We will now give the radical solution to this septic using the well-known cubic \(r^3+r^2-2r-1=0\) with roots $$r_1,\,r_2,\,r_3 = 2\cos\big(\tfrac{2\pi}7\big),\, 2\cos\big(\tfrac{4\pi}7\big),\, 2\cos\big(\tfrac{6\pi}7\big)$$Define the function

$$\begin{align}y_n &= P(r_n) =\frac{29323 r^2 - 20538 r - 15494 + (1193 r^2 - 1048 r - 730)\sqrt{7\times71}}2\\ y_{n+3} &= Q(r_n) =\frac{29323 r^2 - 20538 r - 15494 - (1193 r^2 - 1048 r - 730)\sqrt{7\times71}}2\end{align}$$

For example, \(y_1 = P(r_1) \approx 219.6454\). Then the real root of the septic is

$$\quad x = \frac{2 + y_1^{1/7}+y_2^{1/7}+y_3^{1/7}+y_4^{1/7}+y_5^{1/7}+y_6^{1/7}}7 = 2.1306068\dots$$

In fact, the \(y_n\) are the roots of a sextic with rather large coefficients,

$$y^6+ay^5+by^4+cy^3+dy^2+ey-461^7 = 0$$

and where the constant term is a \(7\)th power. This sextic is special since it can factor either over the square root extension \(\sqrt{7\times71}\) or the cubic extension \(2\cos\big(\tfrac{2\pi}7\big)\).

Entry 196

In Entry 194

$$2^{-1/4}G_{47} = x,\quad \text{where}\; x^5 - x^3 - 2x^2 - 2x - 1 = 0$$Ramanujan asked for the radical solution of this quintic. We give our version which partly uses the golden ratio \(\phi\)

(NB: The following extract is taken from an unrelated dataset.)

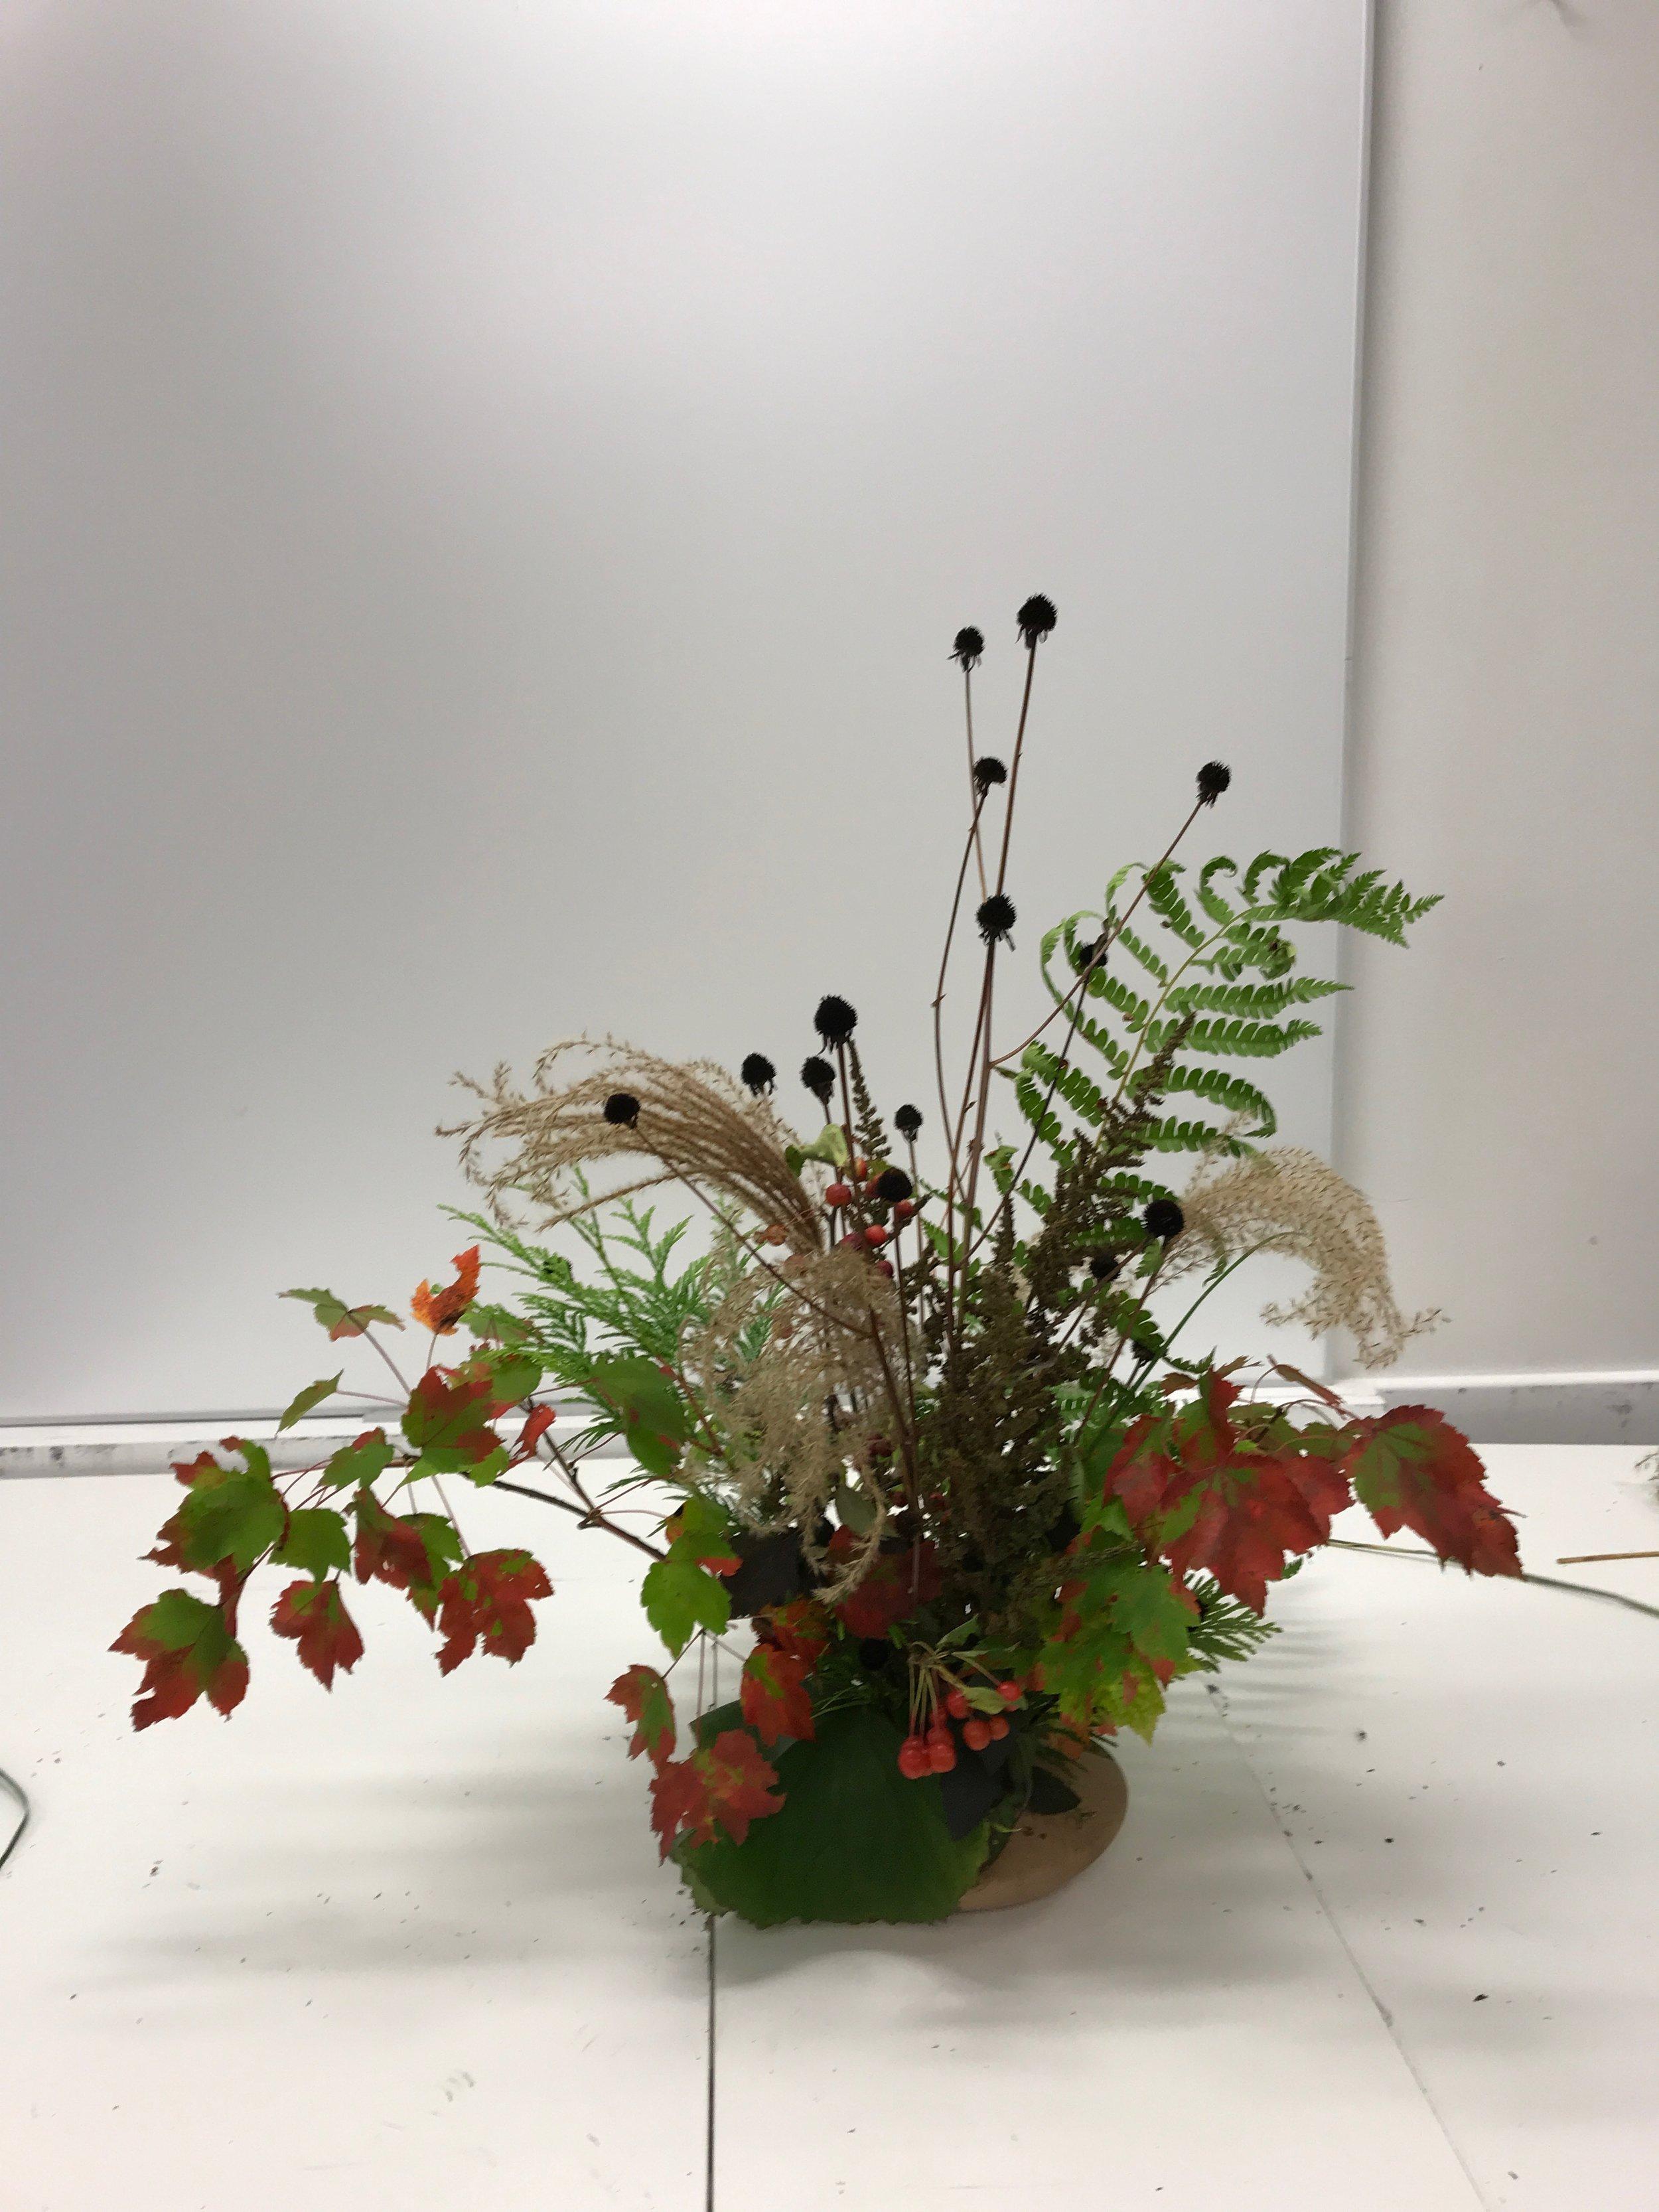 Floral workshop, 10-18-17over,  MA, October 18, 2017 - 1 of 16 (3).jpg

$$\begin{align}y_1 &= \frac{1}{2\phi}\left(13+\frac{\sqrt{47(2+89\sqrt5)}}{5^{5/4}}\right)\\ y_2 &= \frac{1}{2\phi}\left(13-\frac{\sqrt{47(2+89\sqrt5)}}{5^{5/4}}\right)\\ y_3 &= \frac{\phi}{2}\left(13+\frac{\sqrt{47(-2+89\sqrt5)}}{5^{5/4}}\right)\\ y_4 &= \frac{\phi}{2}\left(13-\frac{\sqrt{47(-2+89\sqrt5)}}{5^{5/4}}\right) \end{align}$$

then the real root of quintic is

$$2^{-1/4}G_{47} = x = \frac{y_1^{1/5}+y_2^{1/5}+y_3^{1/5}+y_4^{1/5}}{\sqrt5} = 1.73469134\dots$$

In fact, the \(y_n\) are the four roots of the quartic

$$3125y^4 - 40625y^3 - 521250y^2 + 55250y - 1= 0$$

where the leading term is a \(5\)th power \(3125 = 5^5\).